Alisol A is potentially therapeutic in human breast cancer cells.

Recent developments in breast cancer therapy have significantly improved patient survival rate; however, recurrence remains a major problem. Systemic treatment of breast cancer with available therapies is not curative. Natural products can be potentially used for treating cancer. Recently, a wide range of pharmacological activities has been reported for Alismatis Rhizoma, a popular traditional Chinese medicine. However, the mechanisms via which its compounds act on breast cancer remain unclear. The present study aimed to investigate the potential of natural therapeutic agents from Alismatis Rhizoma for treating breast cancer. Human breast cancer MDA‑MB‑231 cells were treated with four main protostane triterpenes from Alismatis Rhizoma, including alisol A, alisol A 24‑acetate, alisol B and alisol B 23‑acetate. Among these, alisol A significantly inhibited cell viability. Alisol A induced cell apoptosis, G1 phase cell cycle arrest, autophagy, and intracellular reactive oxygen species (ROS) generation in MDA‑MB‑231 cells. The number of APE1‑/γH2AX‑/LC3‑II positive cells was also significantly higher compared with that of negative control cells. All these results were dose‑dependent.
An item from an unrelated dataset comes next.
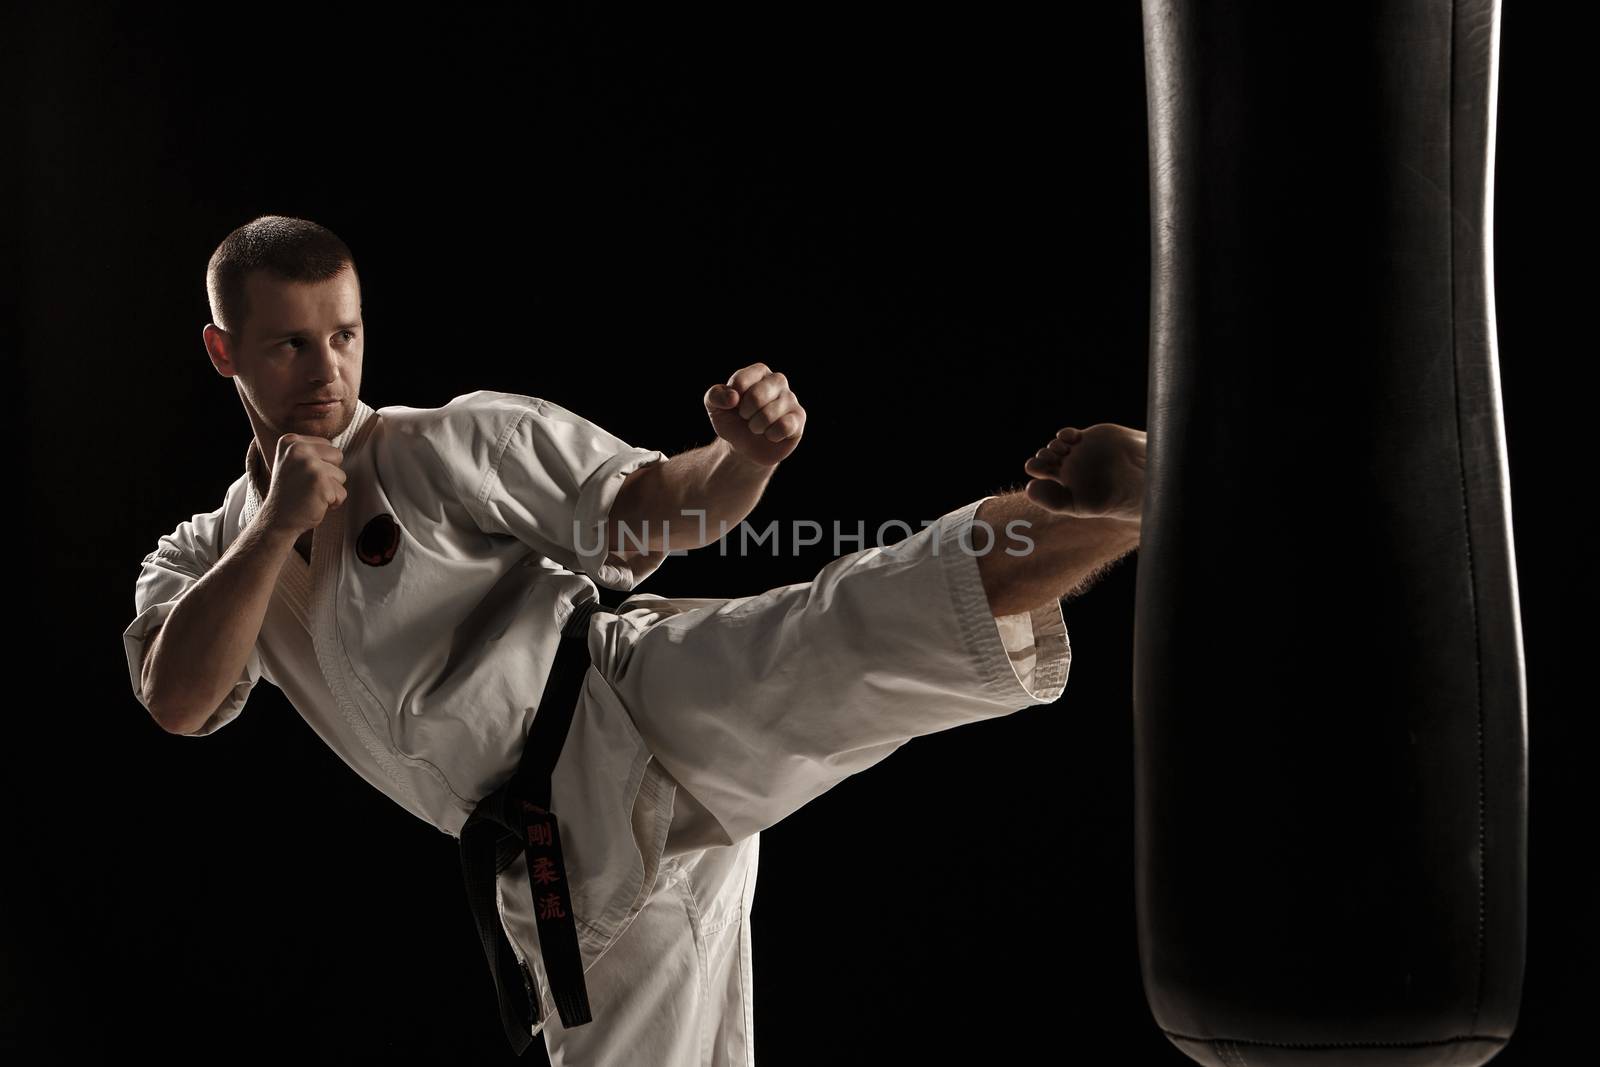 Man in white kimono training karate round kick in a punching bag over black background

Cleaved caspase‑3, cleaved caspase 9, Bcl‑2, and p‑p38 expression indicated cell apoptosis after alisol A treatment. The changes in cyclin A and cyclin D1 expression was associated with cell cycle arrest upon alisol A treatment. Furthermore, LC3‑II expression upon alisol A treatment was indicative of autophagy. Alisol A treatment can induce autophagy‑dependent apoptosis in human breast cancer cells via induction of ROS and DNA damage. Thus, Alisol A might serve as a new therapeutic agent against breast cancer.